Do you think that this need to feel the threads that tie us to those who have been before – even if we never knew them – is due (at least in part) to our sense of ourselves as peripatetic rather than firmly rooted?  You have moved 30 times since becoming a young adult; I can’t quite match that, but have lived in other countries and in six states, never settling anywhere long enough to feel as if I had a home place…

The underlying question is whether my sense of myself as legacy could have been tied to stories about place rather than only to people if my life had been very different…

Karen Martha:

When I think about place, I am reminded that the minute my grandfather stepped on a boat to the US from Norway, he was leaving his familial legacy behind.
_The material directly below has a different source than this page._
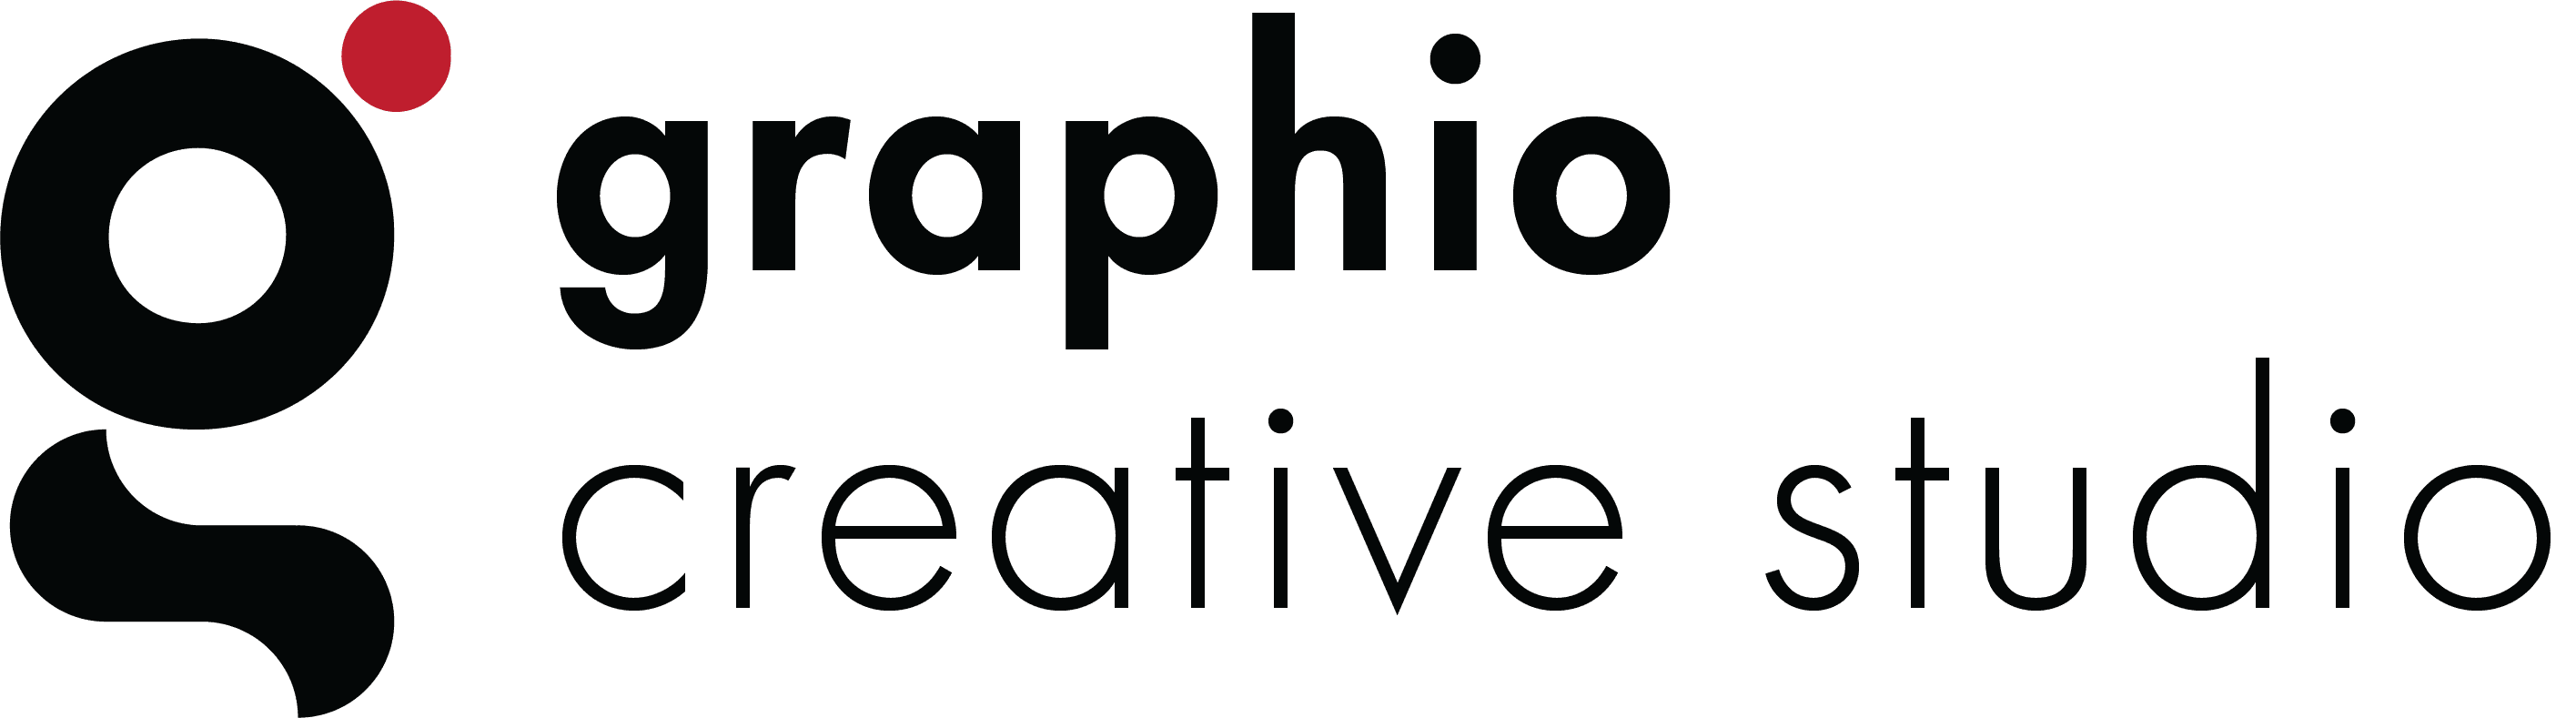 Graphio Creative Studio logo

I believe that place does matter, probably more in some countries than the US. When I visited Norway I stood next to the fence dividing my grandfather’s farm from the farm my grandmother came from. My second cousin said, “This is where you started, your grandparents talking over this fence, falling in love, and moving to the US.” As she told that story, I felt firmly rooted, even though I’d not spent my life in that place and even though my grandfather had left to start a new life in a new country.

Karen Rose:

We are our history, which includes far more than any particular short story that we tell about ourselves…It is not just the stories that I overheard about distant family connections, but also those that I have incorporated based on events and relationships. The older I become, the more aware I am of how much of my identity is tied in with living in another country and becoming almost fully absorbed into another culture when I was old enough (11) to understand the differences but emotionally and socially very pliable. I have lost touch with everyone I knew then, but their faces and their stories loom very large in my own narrative. 

So, for both of us, a critical and unplanned encounter with place and people has shaped our story of who we are.